GWAS on Alzheimer’s Disease

Authors: Haoming Zhang, Zhuoyuan Ren, Haoshu Qin

Project Github Repo: https://github.com/TonyZhanghm/DSC180B_Genome_01


Background

A genome-wide association study (GWAS) is an approach commonly used in genetics research to associate specific genetic variations with particular diseases. The method involves scanning the genomes from many different people and looking for genetic markers that can be used to predict the presence of a disease [1].

Our GWAS focuses on Alzheimer’s disease (AD), a degenerative brain disease and the most common cause of dementia. Alzheimer’s disease represents a major public health concern and has been identified as a research priority [2]. Patients suffer from memory loss, challenges in planning or solving problems, confusion with time or place, changes in mood and personality, increased anxiety, agitation and sleep disturbances. An estimated 5.4 million Americans have Alzheimer’s disease. By the mid‐century, the number of people living with Alzheimer’s disease in the United States is projected to grow to 13.8 million [3].

There are three common kinds of Alzheimer’s disease, early onset Alzheimer’s disease (EOAD), late-onset Alzheimer’s disease, and Familial Alzheimer’s disease.

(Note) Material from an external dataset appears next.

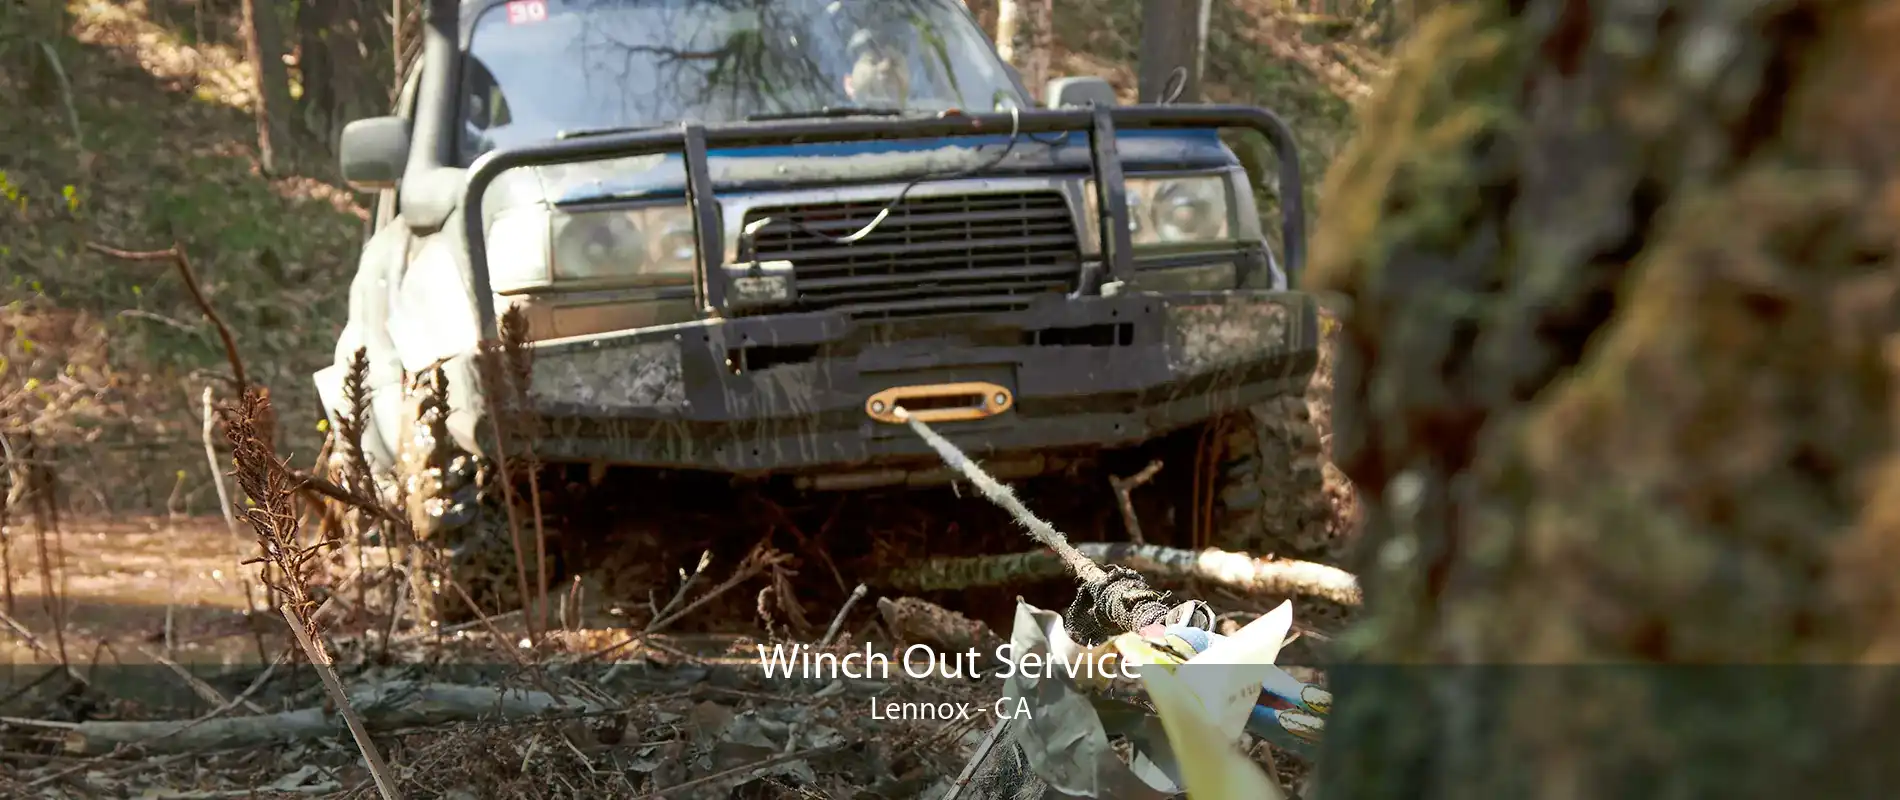 Winch Out Service Lennox - CA
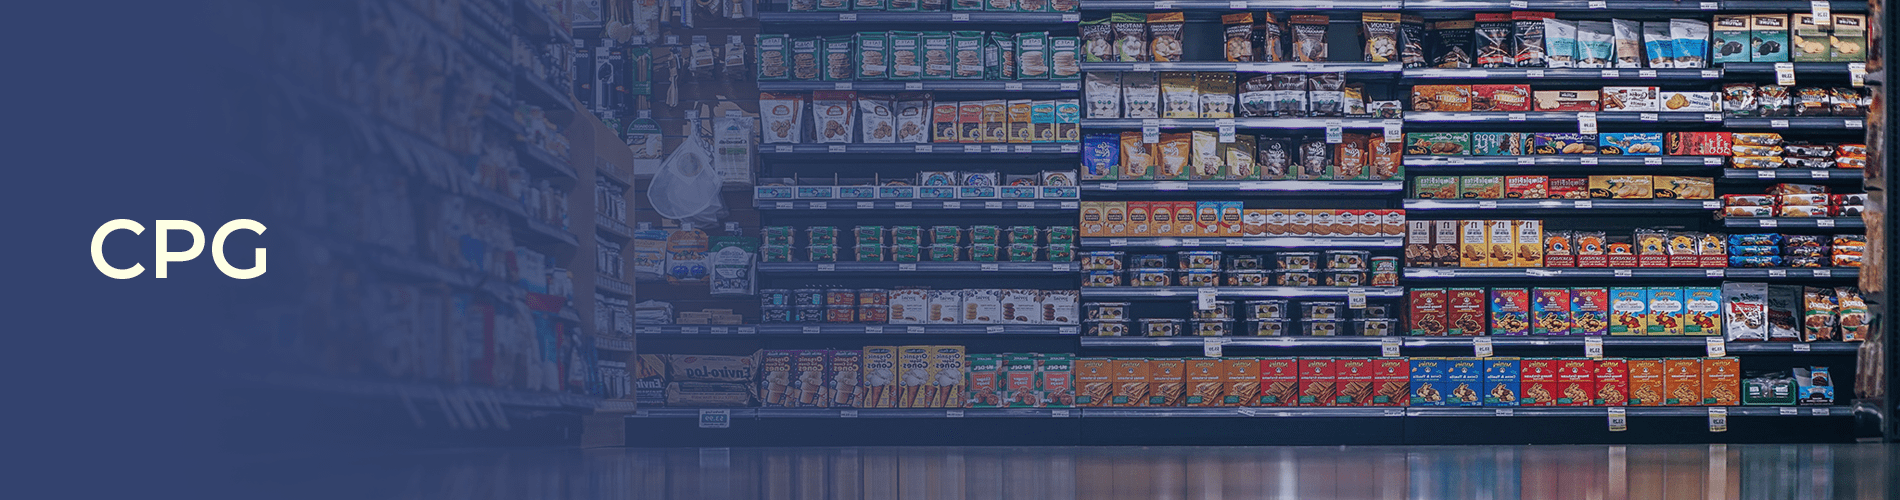 Industry 4. 0 for Consumer Packaged Goods

EOAD and LOAD are differentiated by if the patient is over 65 years older or not. We only look at cases of LOAD which takes up to more than 90% of all AD cases, so our study can potentially benefit the most people [4].

APOE is widely accepted as a major genetic risk determinant of LOAD and therefore is not included as one of the risk genes to be studied by many studies anymore [5]. In “Genome-wide association study of Alzheimer’s disease”, a paper published in 2012, the researchers examined implicated nine new regions with LOAD risk, and also performed a meta-analysis along with four independent data sets to identify new AD loci. Nominal significant associations (P < 0.05) were observed either within or adjacent to five genes (PICALM, BIN1, ABCA7, MS4A4/MS4A6E and EPHA1), significant signals were observed 69–180 kb outside of the remaining four genes (CD33, CLU, CD2AP and CR1). Meta-analysis revealed a suggestive novel association in the PPP1R3B gene [6].


Overview

Inspired by the previous studies,we hoped to replicate the association analysis of these nine regions (CR1, BIN1, CLU, PICALM, MS4A4/MS4A6E, CD2AP, CD33, EPHA1 and ABCA7) on another data set to see if the results remain consistent across different subjects. Also, we tried to detect other potential genes other than those nine and APOE through meta analysis. We came to our conclusion by interpreting the results of association analysis and meta analysis in manhattan plot, regional plots, qq-plot and meta-analysis table.


Dataset

Our primary data set comes from Dr. Amanda J. Myers at University of Miami School of Medicine. The data set includes 364 subjects (191 males and 173 females, 176 are cases and 188 are controls). We have Genotypes calls from 502,627 SNPs on the 364 samples.

The control cohort and case cohort were obtained from 20 National Alzheimer’s Coordinating Center (NACC) brain banks and from the Miami Brain Bank. The criteria for inclusion were as follows: self-defined ethnicity of European descent, neuropathologically confirmed LOAD or no neuropathology present, and age of death greater than 65. We restricted samples to only of European ethnicity because allele-frequency differences between groups with different ethnicity might create bias in the results [7].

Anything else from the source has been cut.